Problem: All of the data, except its images, should be set down exactly as it appears.

------ Information shown ------

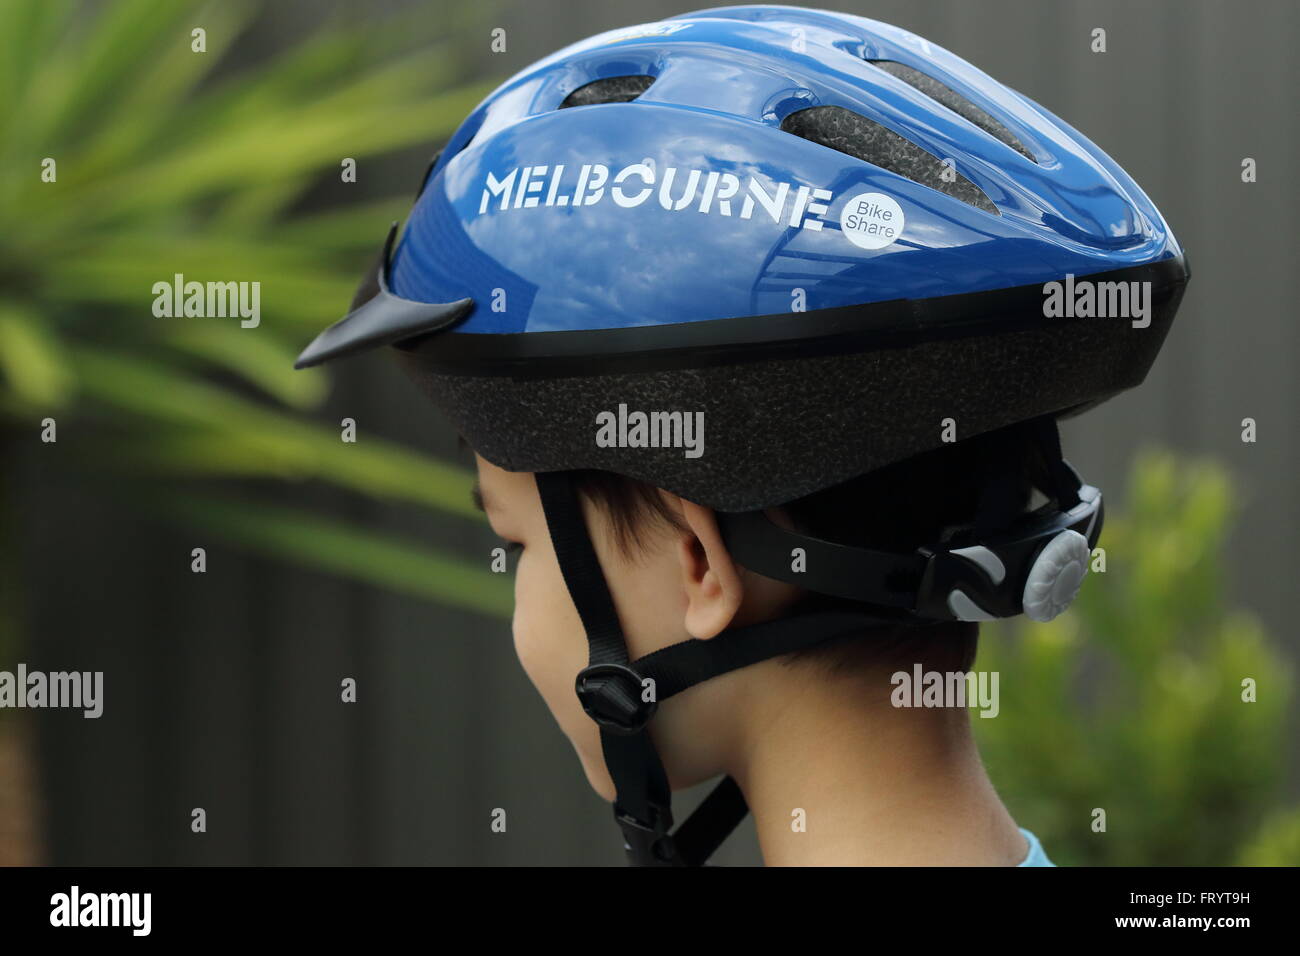 Melbourne Bike Condividi casco Foto Stock
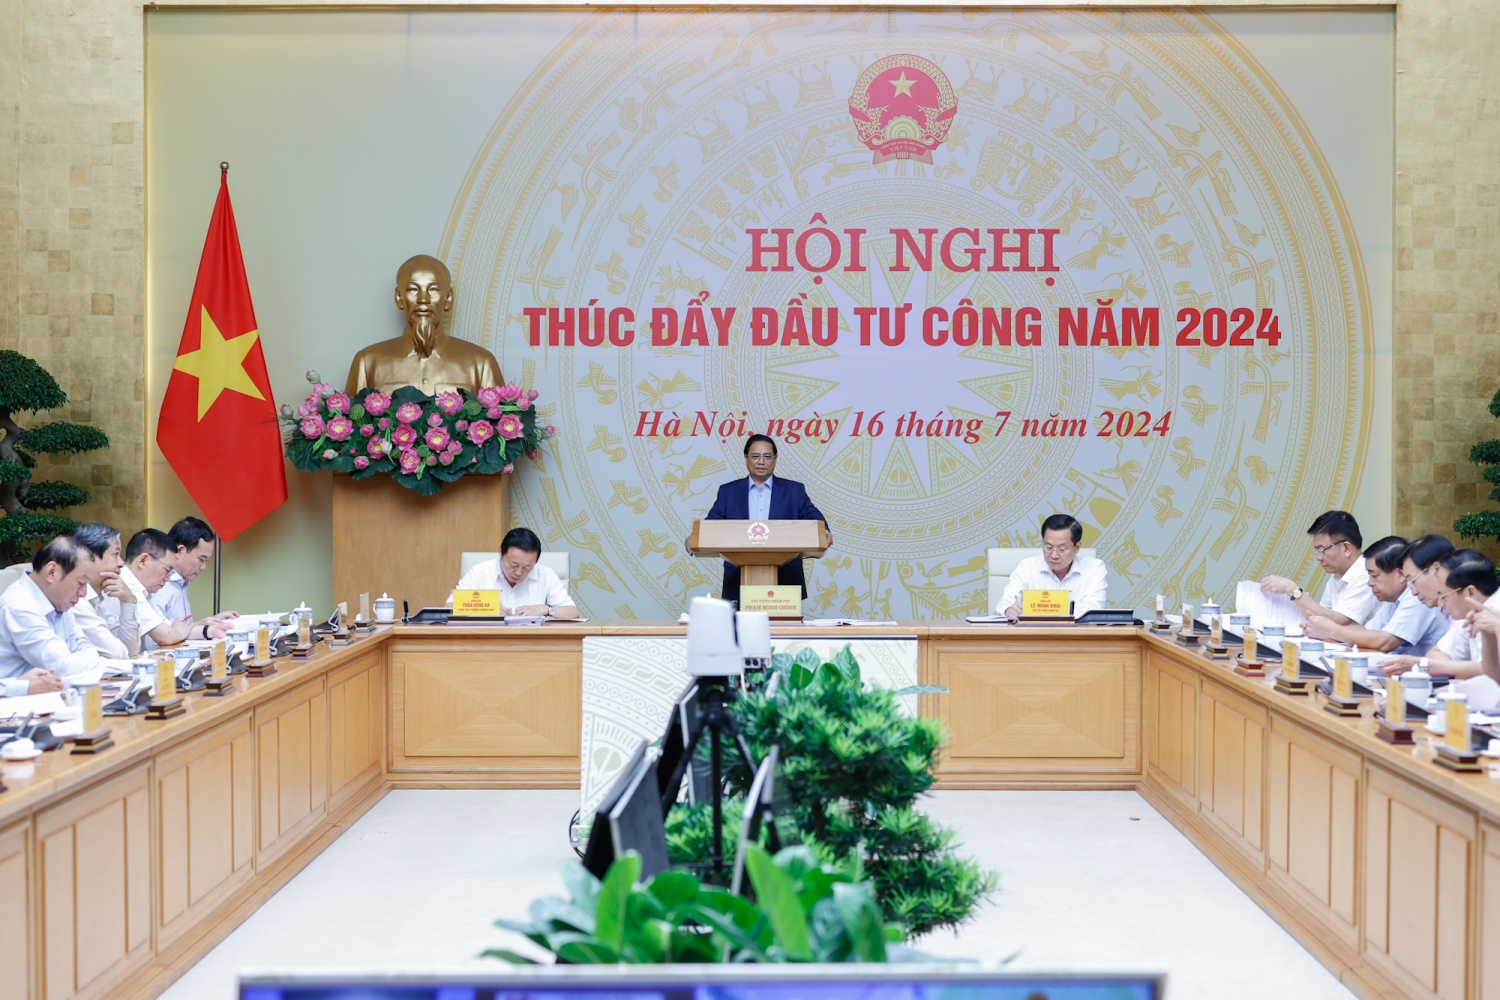 Thủ tướng Phạm Minh Chính chủ trì Hội nghị trực tuyến toàn quốc của Thường trực Chính phủ về thúc đẩy đầu tư công năm 2024.
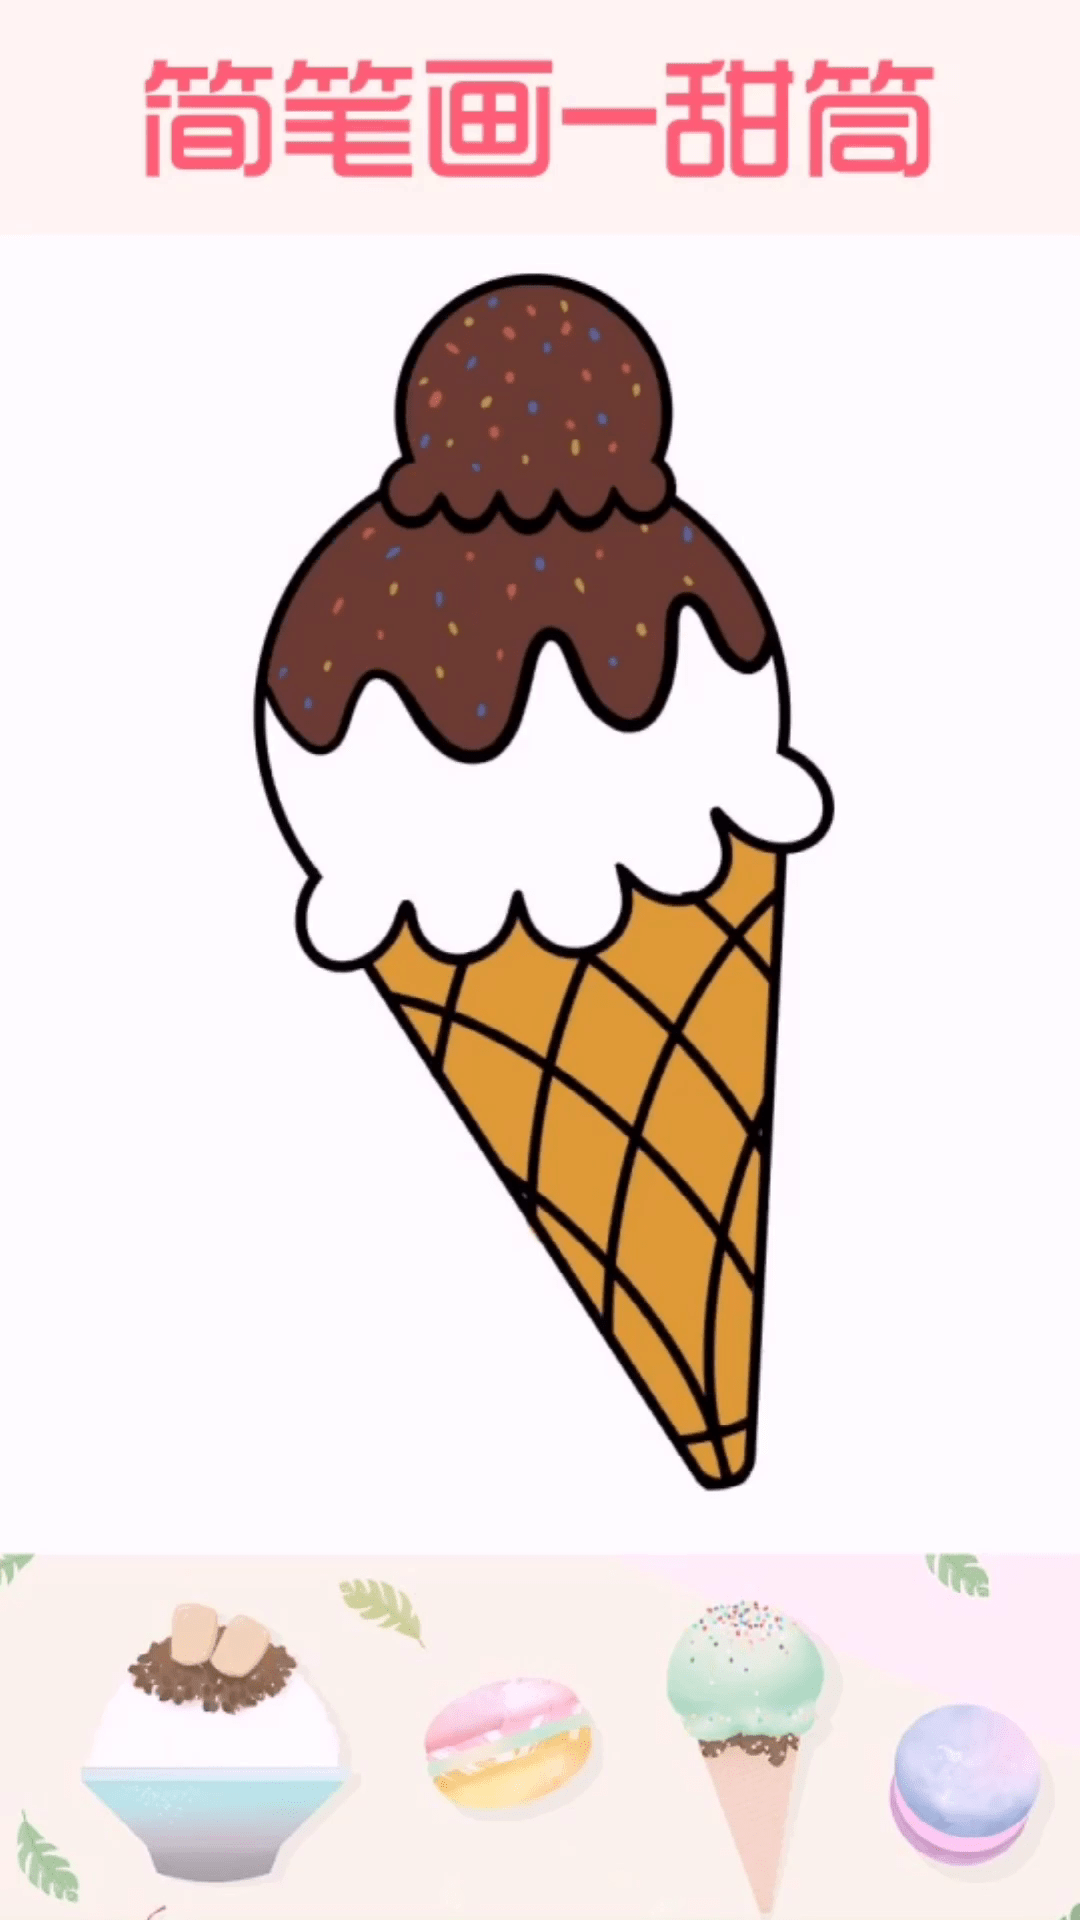 甜筒冰淇淋简笔画彩色图片

------

Written answer:
 Melbourne Bike Condividi casco Foto Stock
 Thủ tướng Phạm Minh Chính chủ trì Hội nghị trực tuyến toàn quốc của Thường trực Chính phủ về thúc đẩy đầu tư công năm 2024.
 甜筒冰淇淋简笔画彩色图片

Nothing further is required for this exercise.